● **Collected data**:
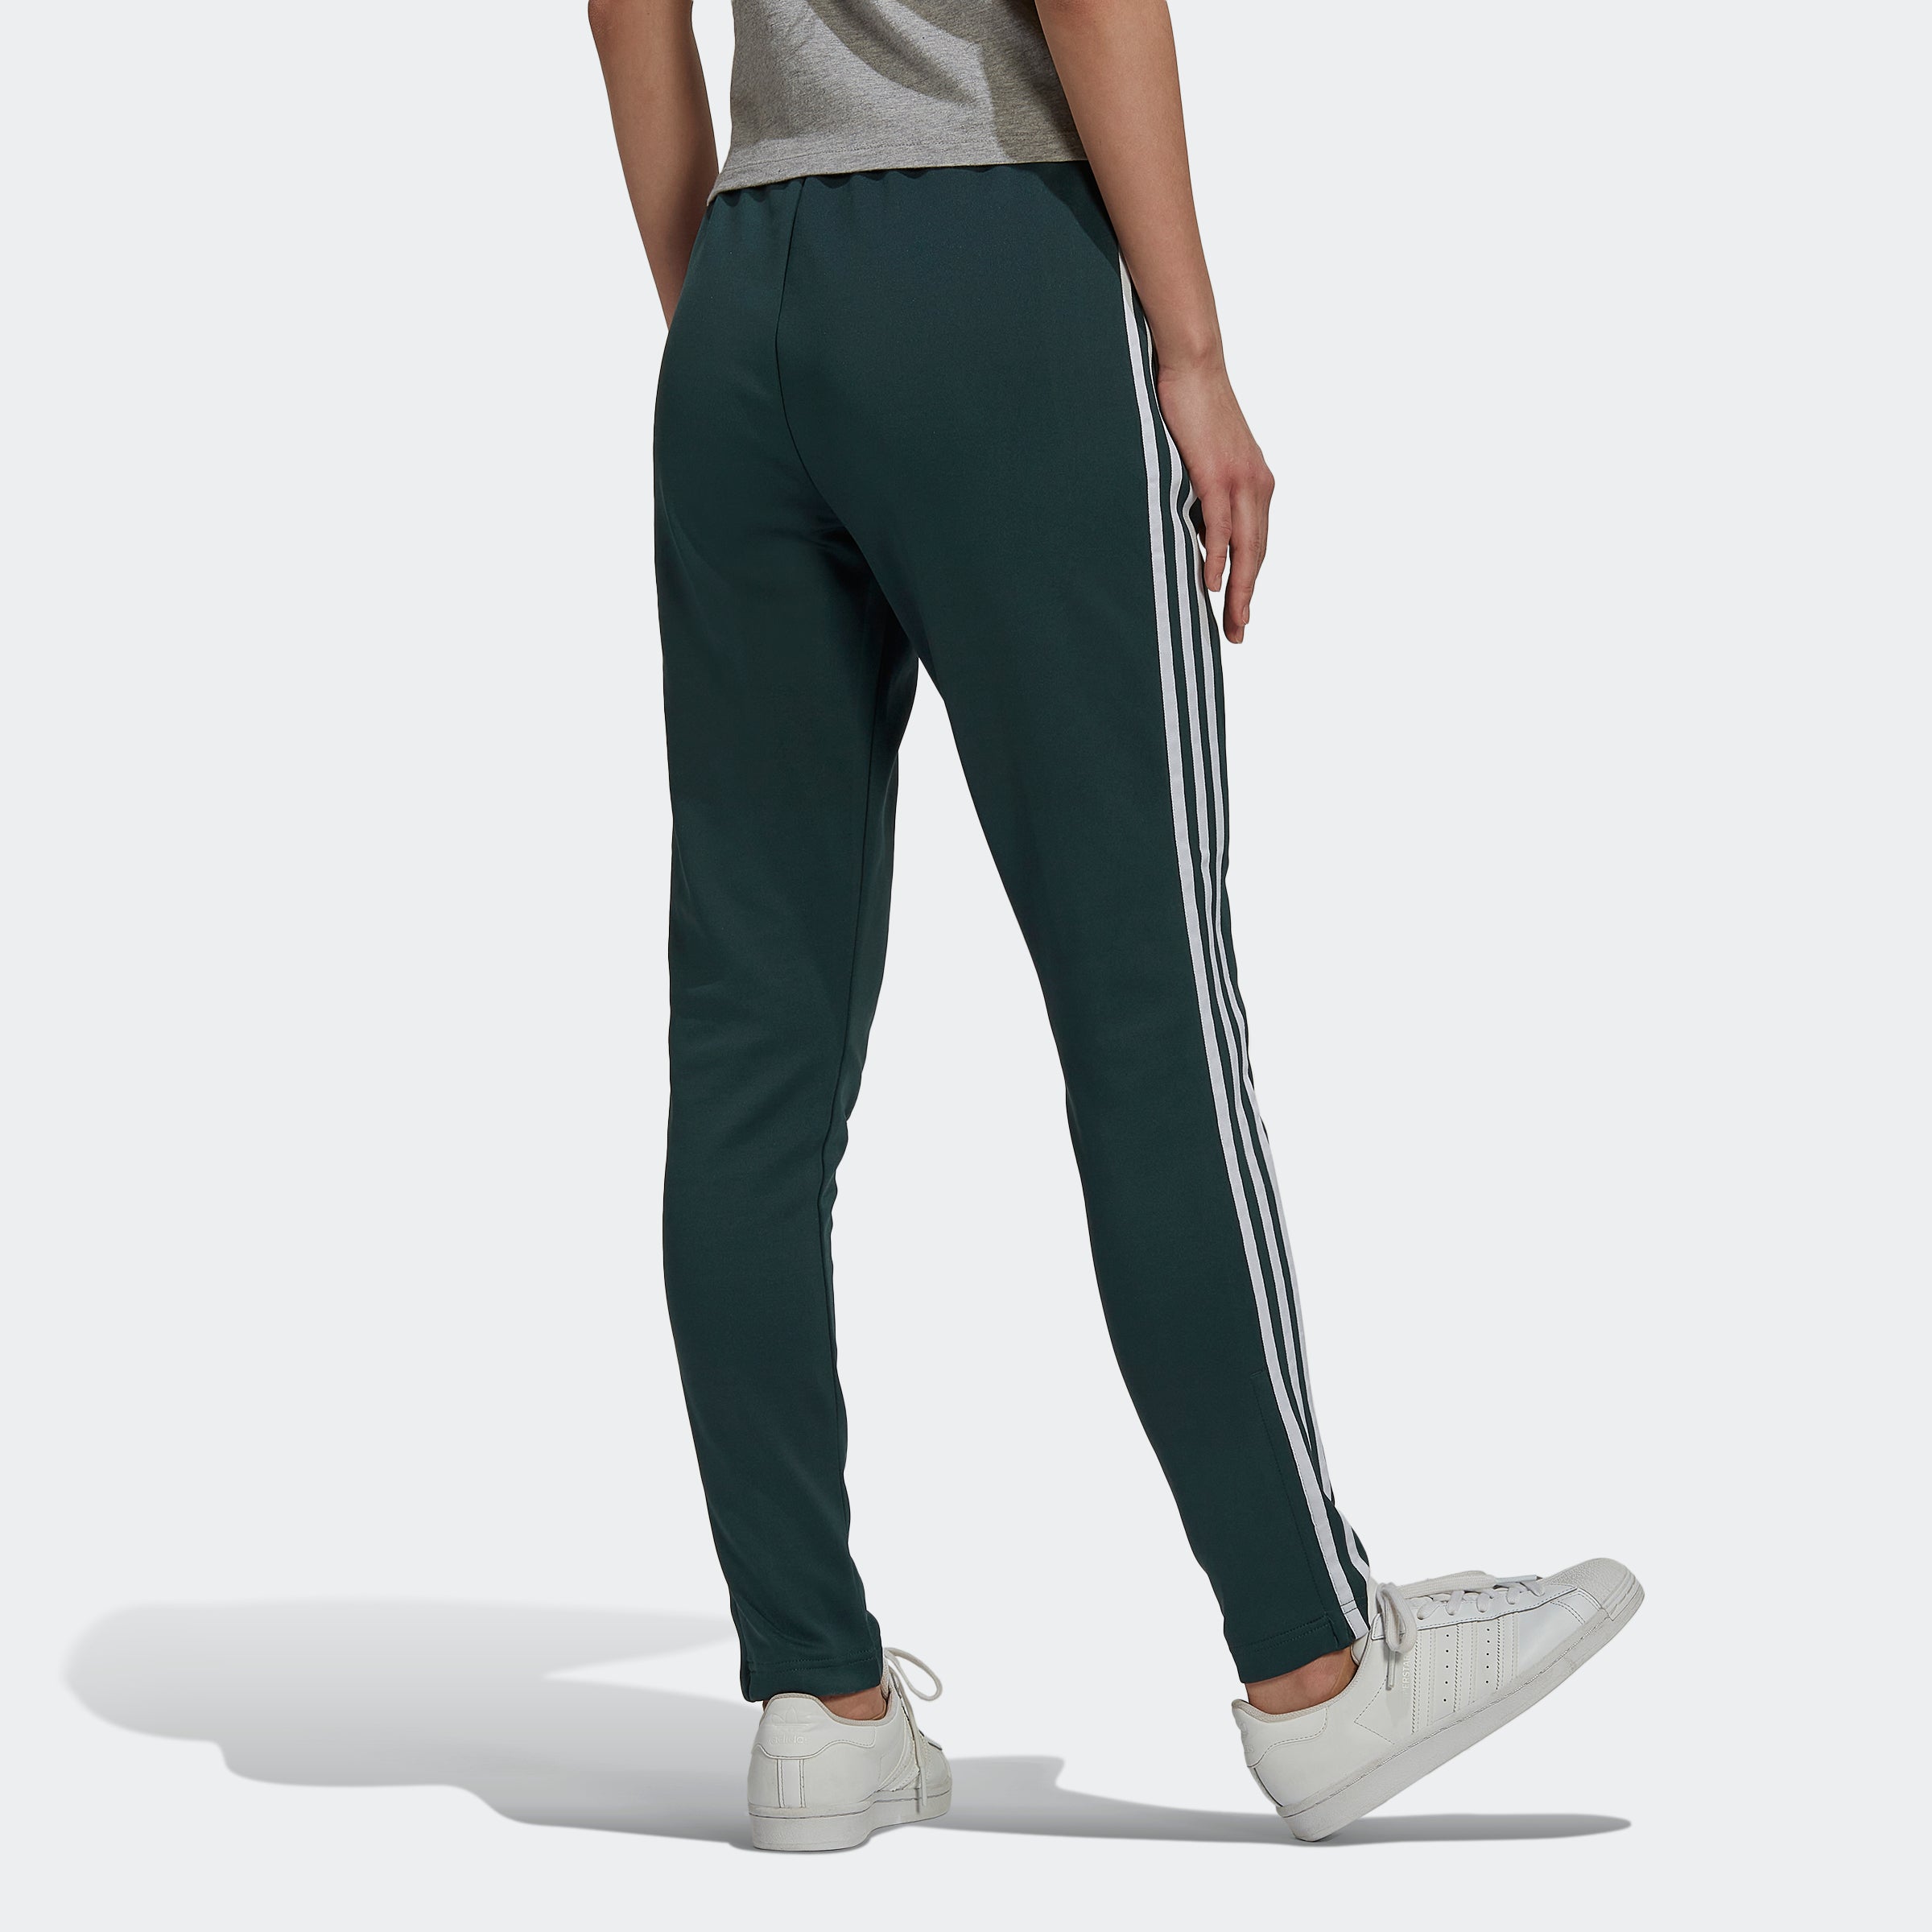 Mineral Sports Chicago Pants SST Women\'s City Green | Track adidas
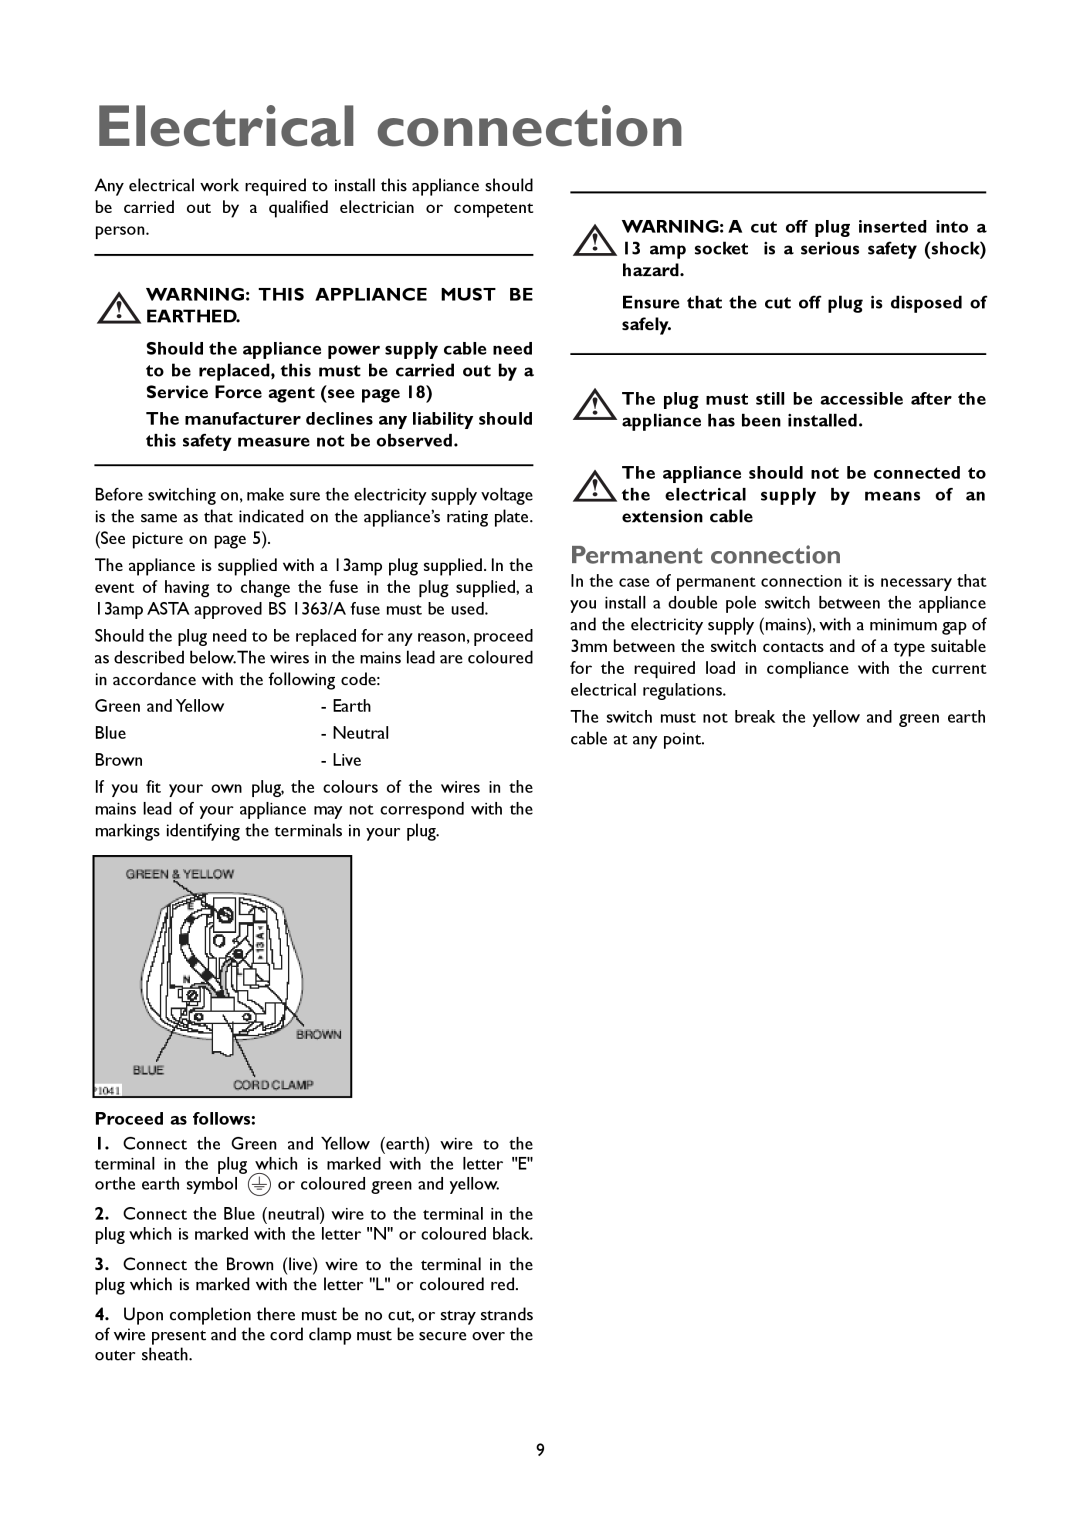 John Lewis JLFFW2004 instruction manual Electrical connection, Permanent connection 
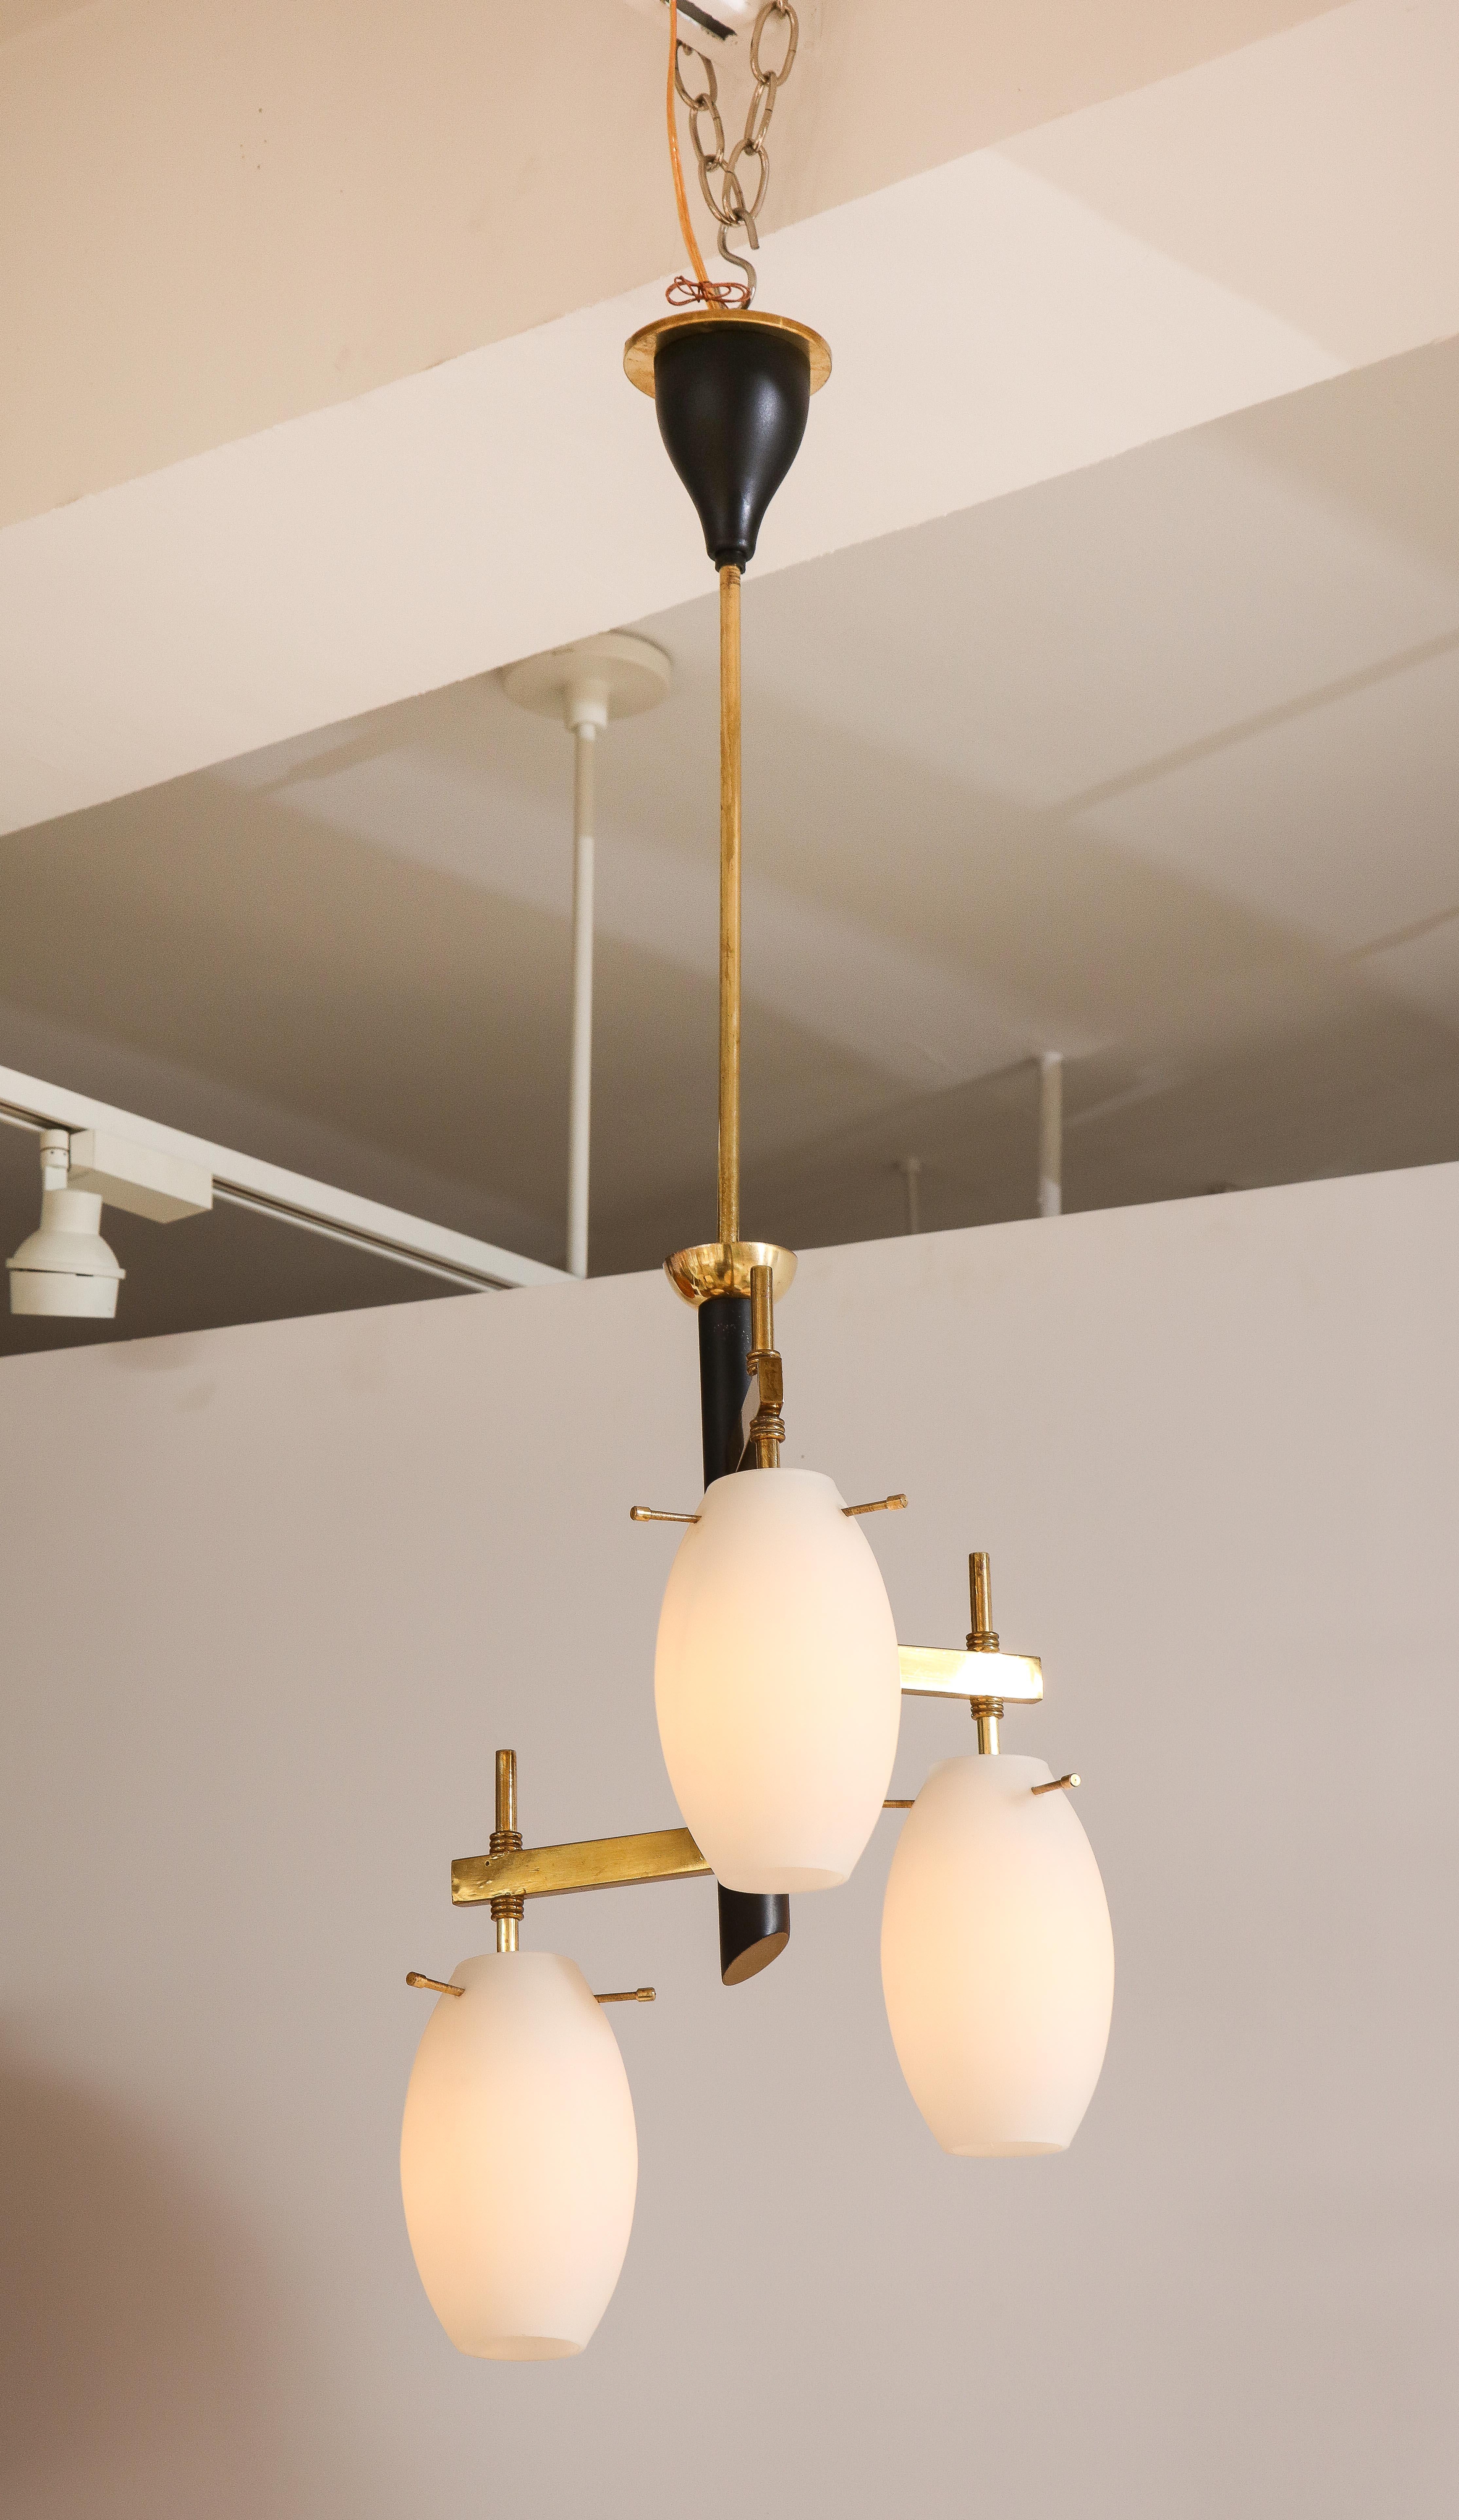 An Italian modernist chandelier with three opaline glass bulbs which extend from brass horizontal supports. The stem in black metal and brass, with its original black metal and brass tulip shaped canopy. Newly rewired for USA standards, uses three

● **Try it**: Could you print the listing above exactly, without the pictures?

● **Answer box**:
 Mineral Sports Chicago Pants SST Women\'s City Green | Track adidas
 John Lewis JLFFW2004 instruction manual Electrical connection, Permanent connection 
 An Italian modernist chandelier with three opaline glass bulbs which extend from brass horizontal supports. The stem in black metal and brass, with its original black metal and brass tulip shaped canopy. Newly rewired for USA standards, uses three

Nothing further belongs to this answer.